+++ SOURCE DATA

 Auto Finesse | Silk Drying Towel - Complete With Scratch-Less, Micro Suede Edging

++++++
+++ SOURCE DATA

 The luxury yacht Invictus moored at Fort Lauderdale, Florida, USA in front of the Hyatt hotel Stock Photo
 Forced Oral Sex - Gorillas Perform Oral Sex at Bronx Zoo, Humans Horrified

++++++

**INSTRUCTIONS TO FOLLOW:**
What you return must be an exact retyping of the lines above starting at the line with "The luxury yacht" and ending at the line with "Forced Oral Sex", and nothing besides.

**ANSWER SPACE:**
 The luxury yacht Invictus moored at Fort Lauderdale, Florida, USA in front of the Hyatt hotel Stock Photo
 Forced Oral Sex - Gorillas Perform Oral Sex at Bronx Zoo, Humans Horrified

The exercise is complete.